COLLECTED MATERIAL —
----
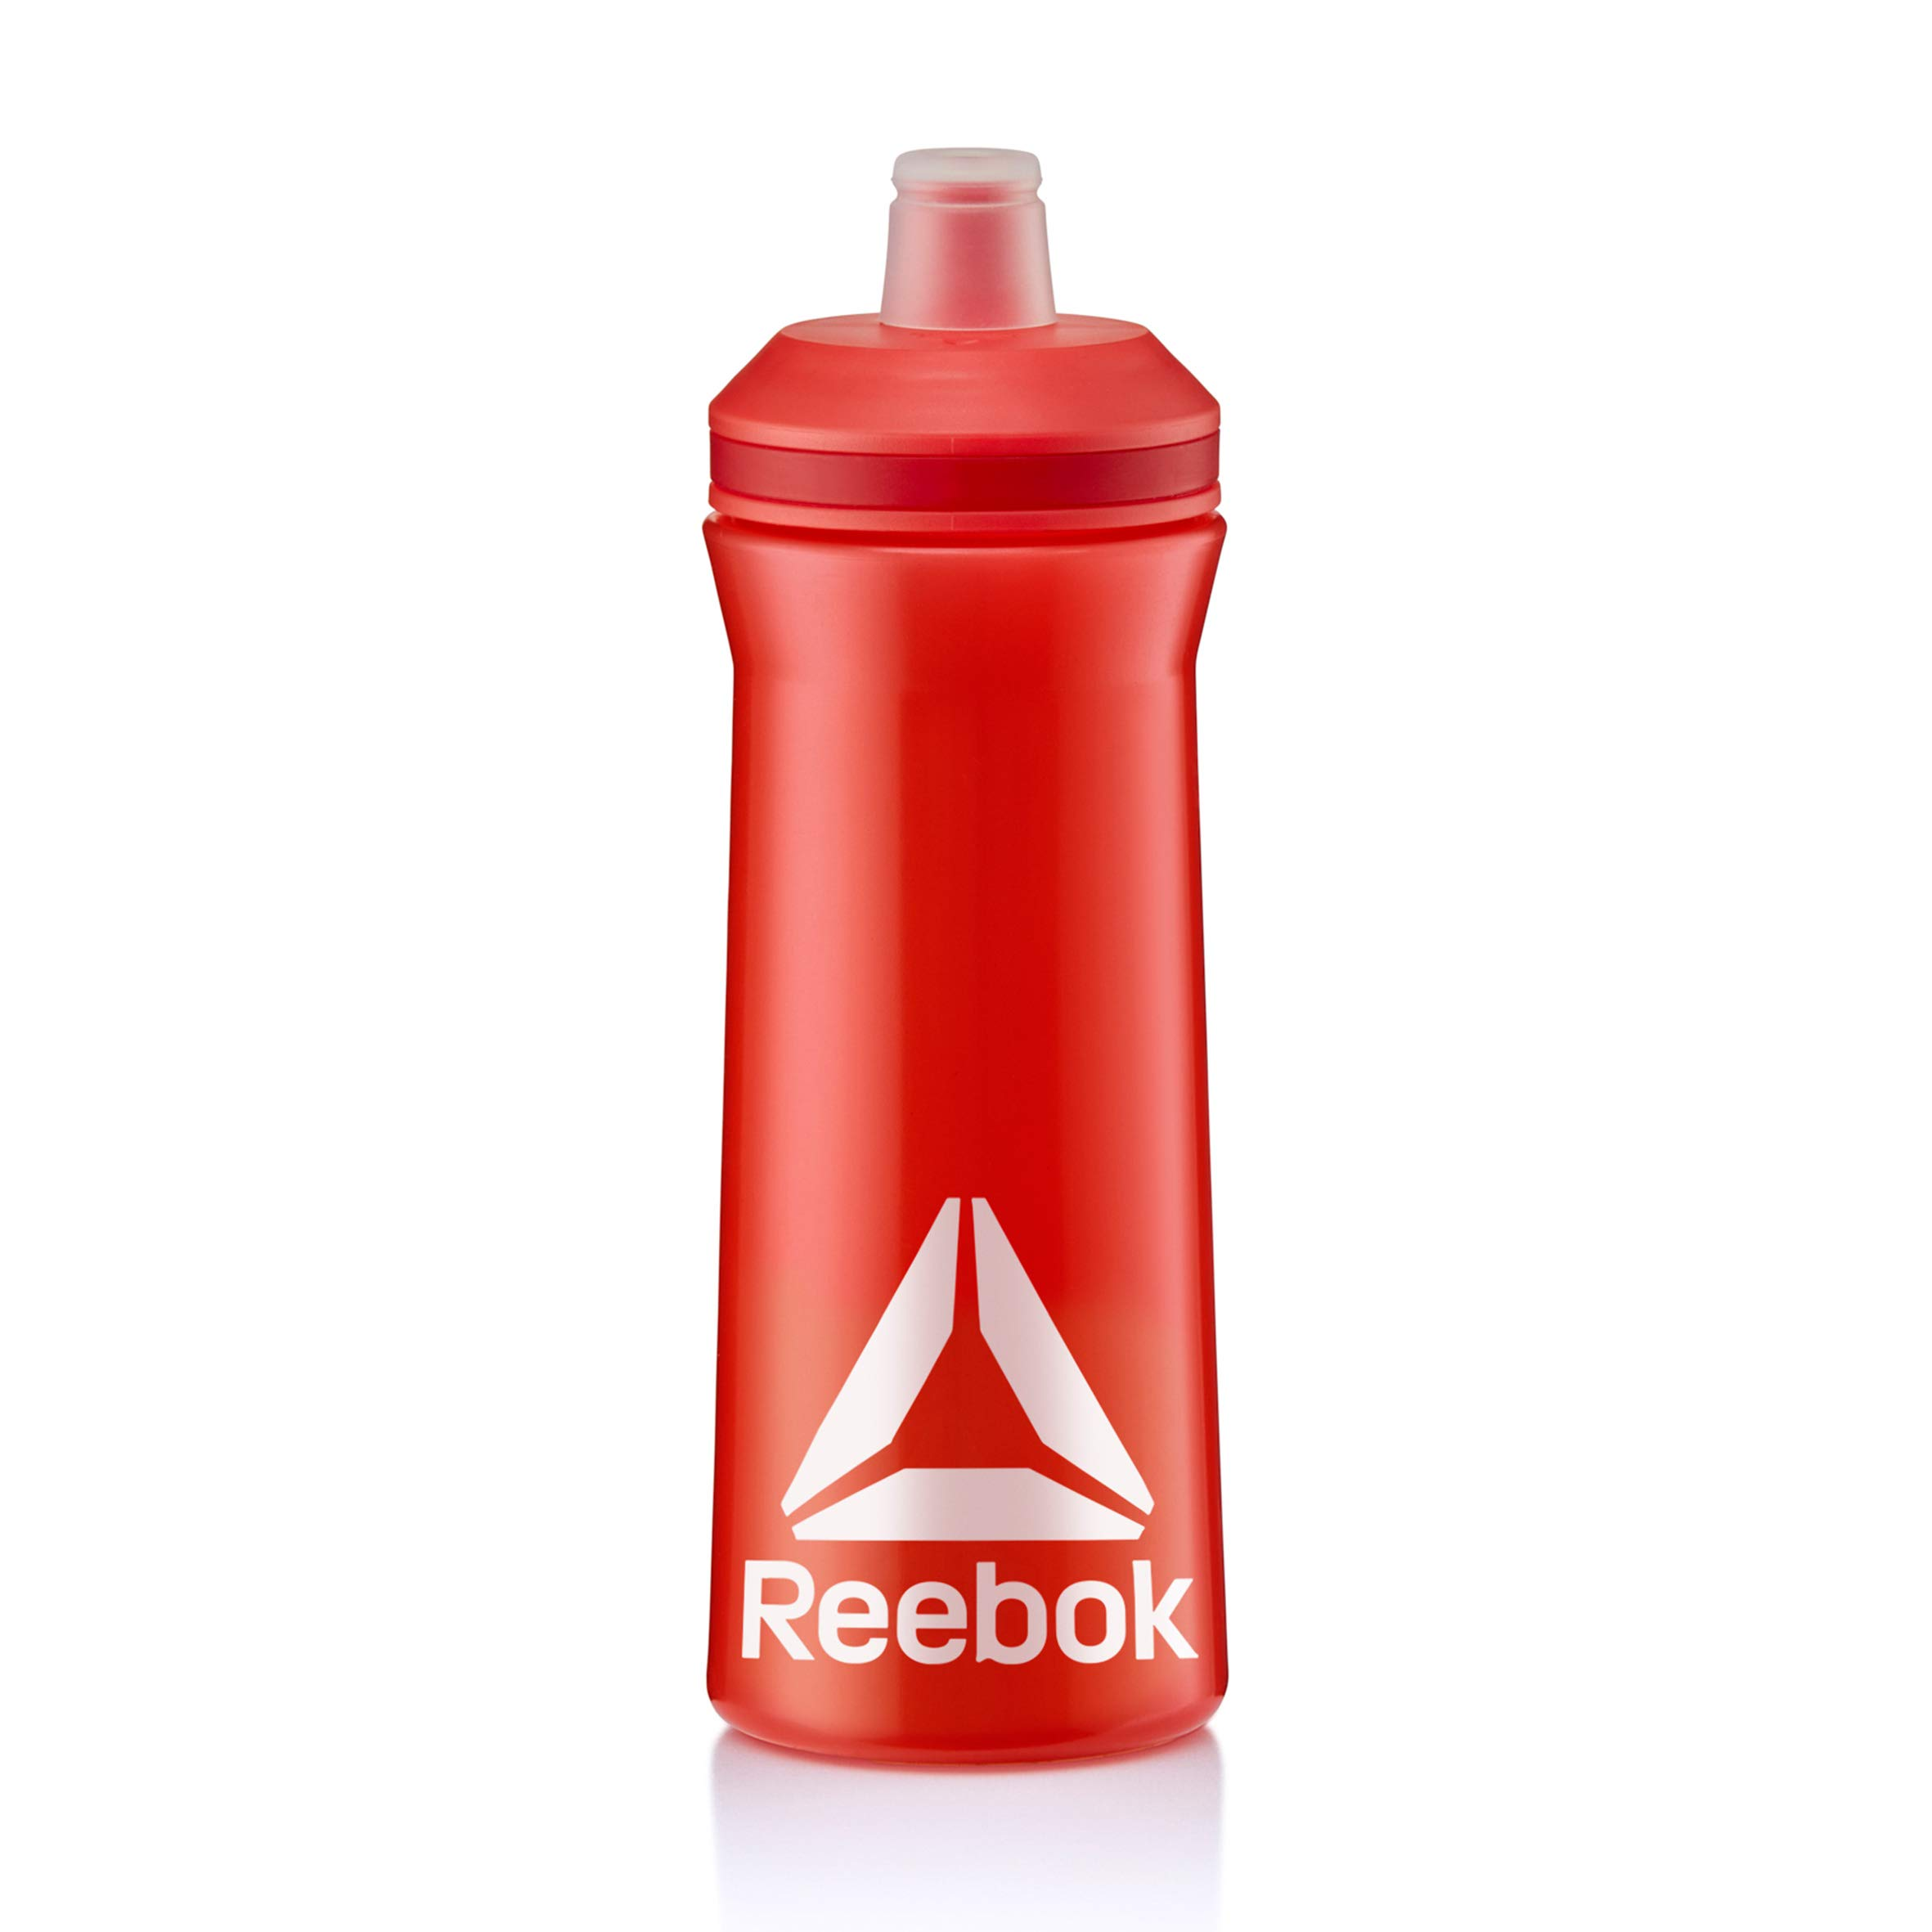 Reebok Trinkflasche, Rot, 500ml
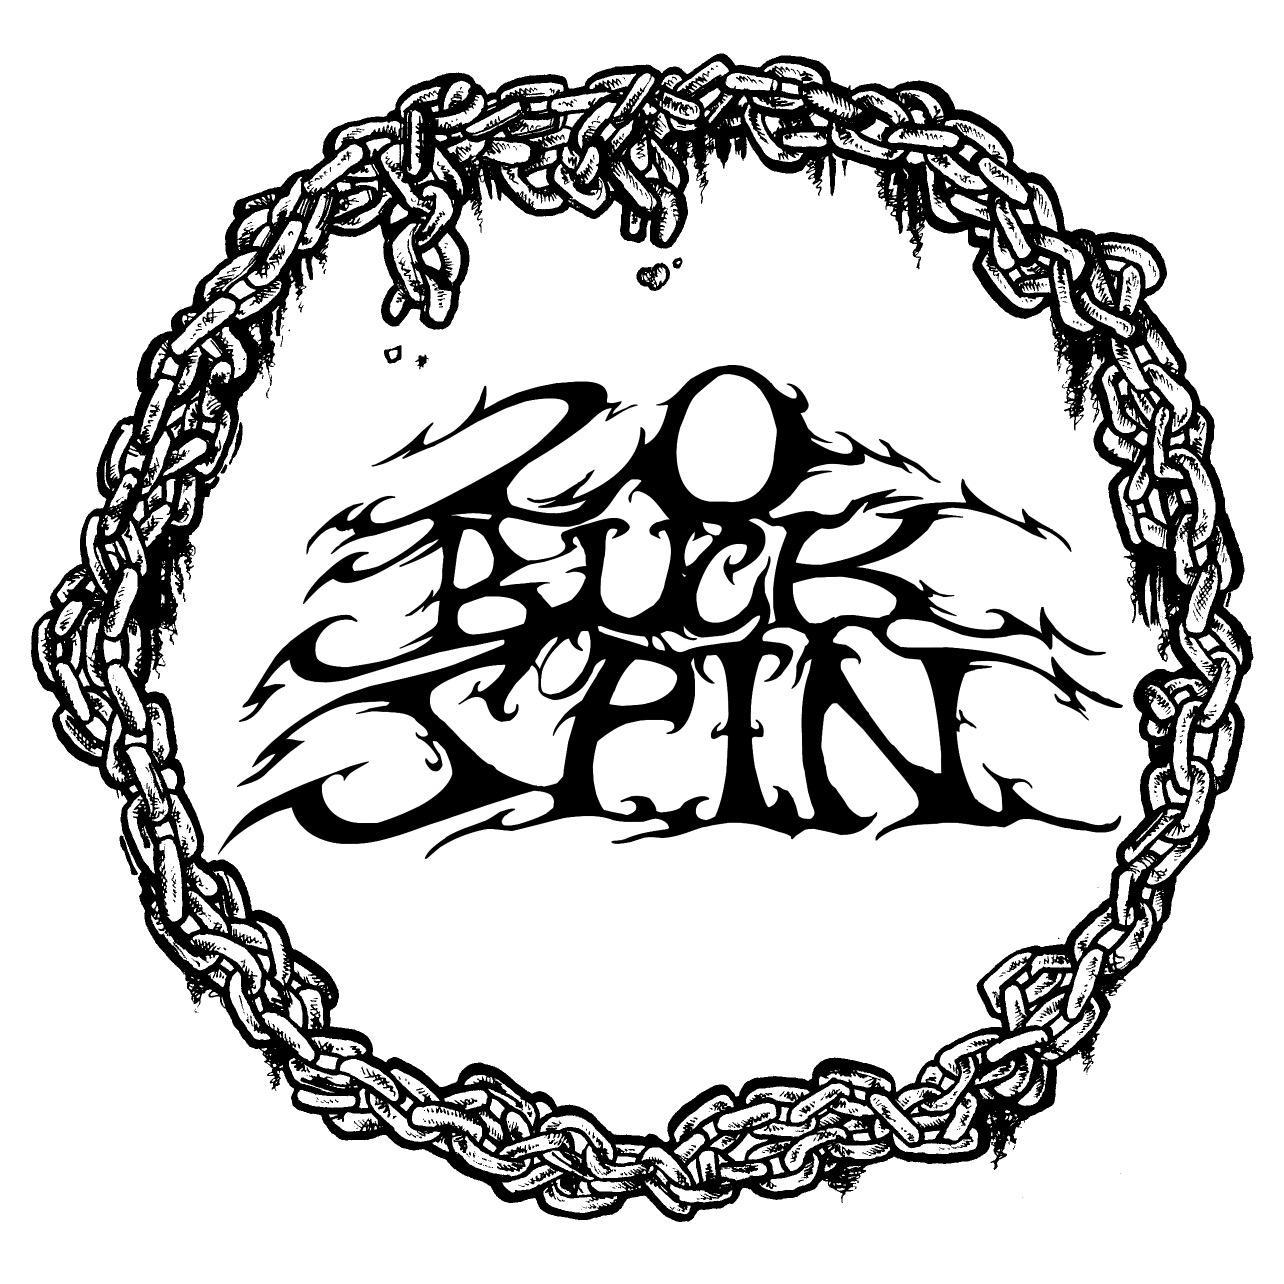 20 buck spin on twitter international women s day playlist 20 by 20 Grid 20 buck spin
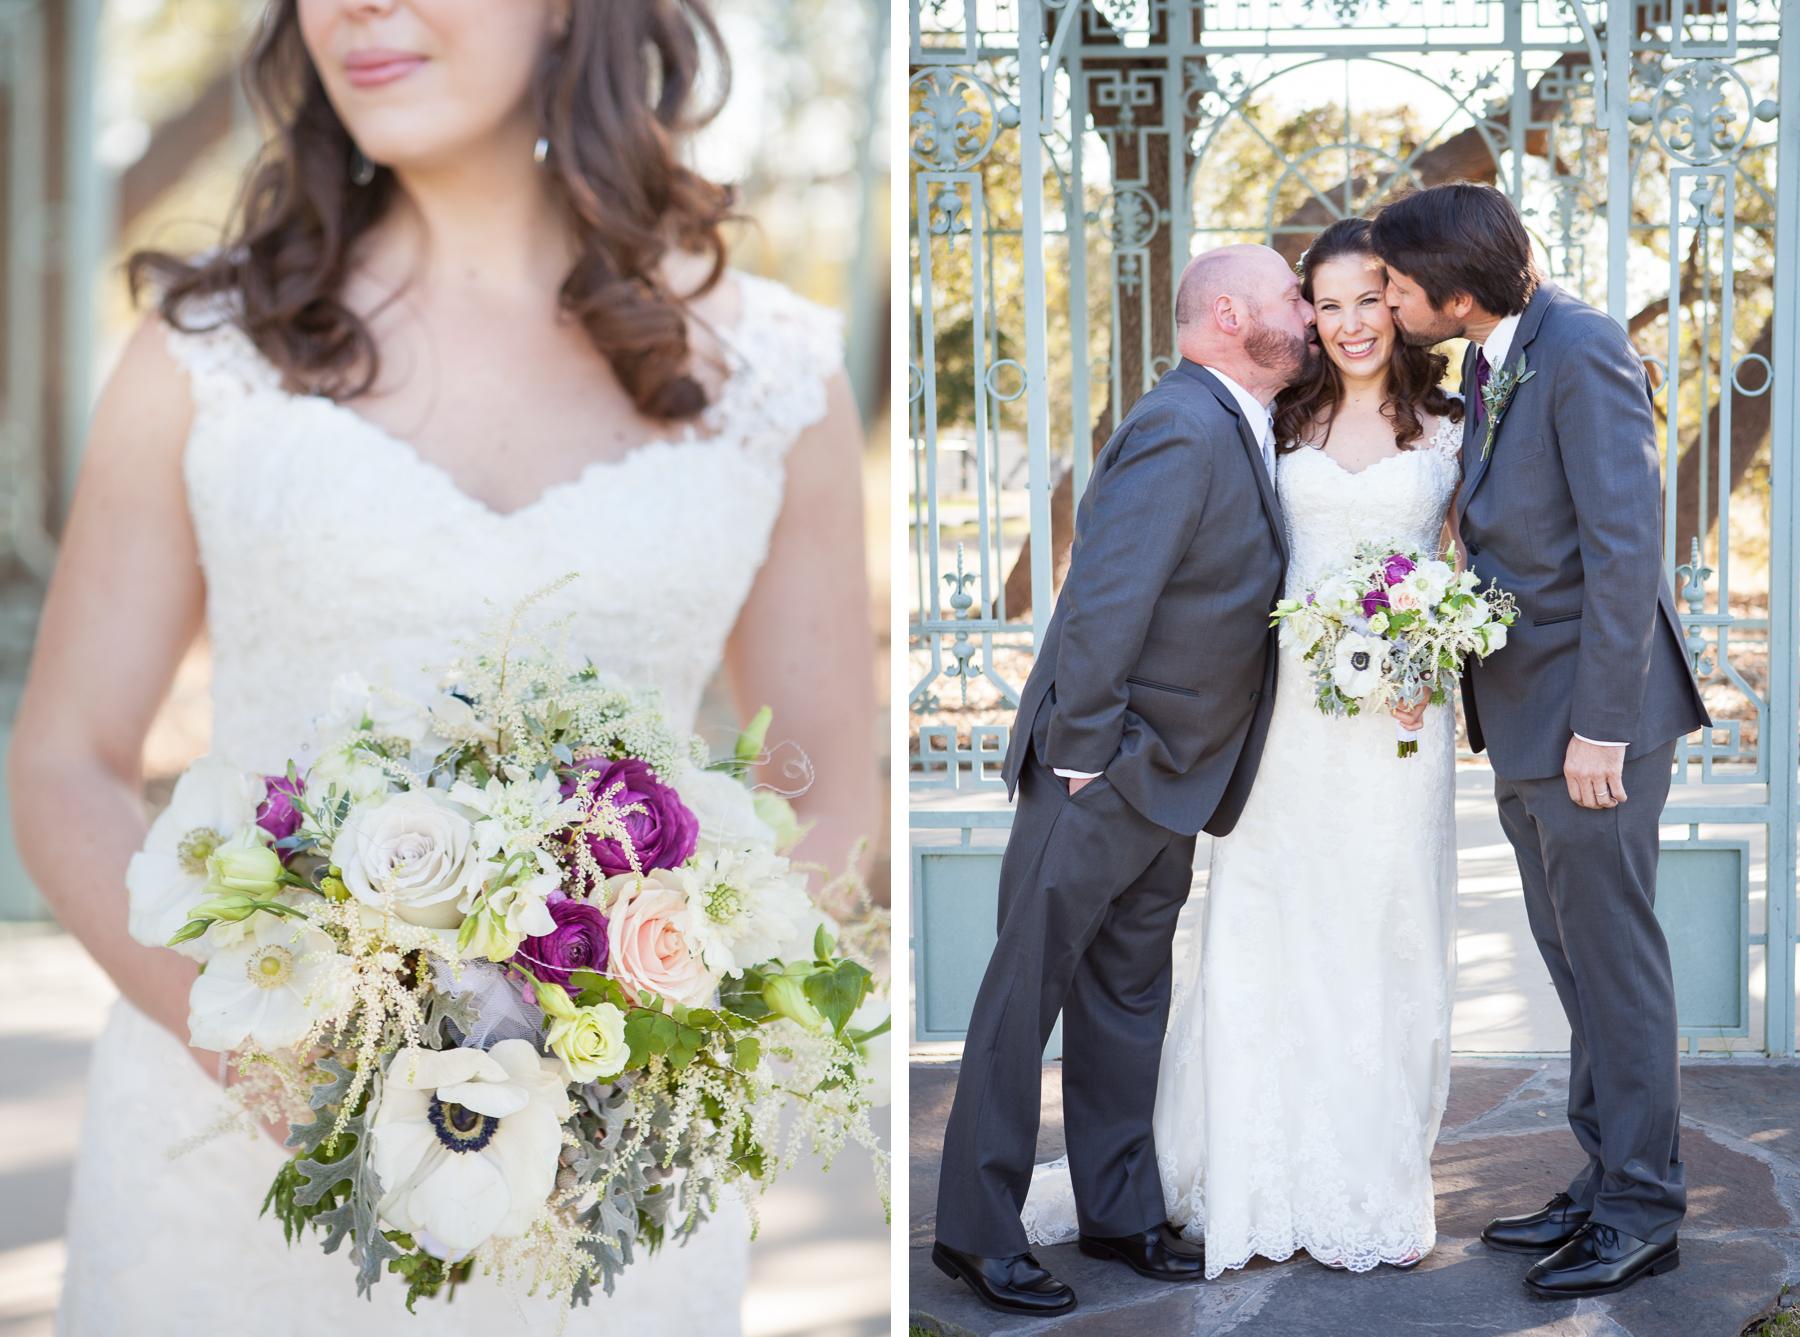 Ranunculus-anenome-wedding-bouquet.jpg
----
EXERCISE OBJECTIVE — Each line from the one that holds "20 buck spin on" through the final line of the data must be retyped exactly; the pictures must not appear.

RESULT —
 20 buck spin on twitter international women s day playlist 20 by 20 Grid 20 buck spin
 Ranunculus-anenome-wedding-bouquet.jpg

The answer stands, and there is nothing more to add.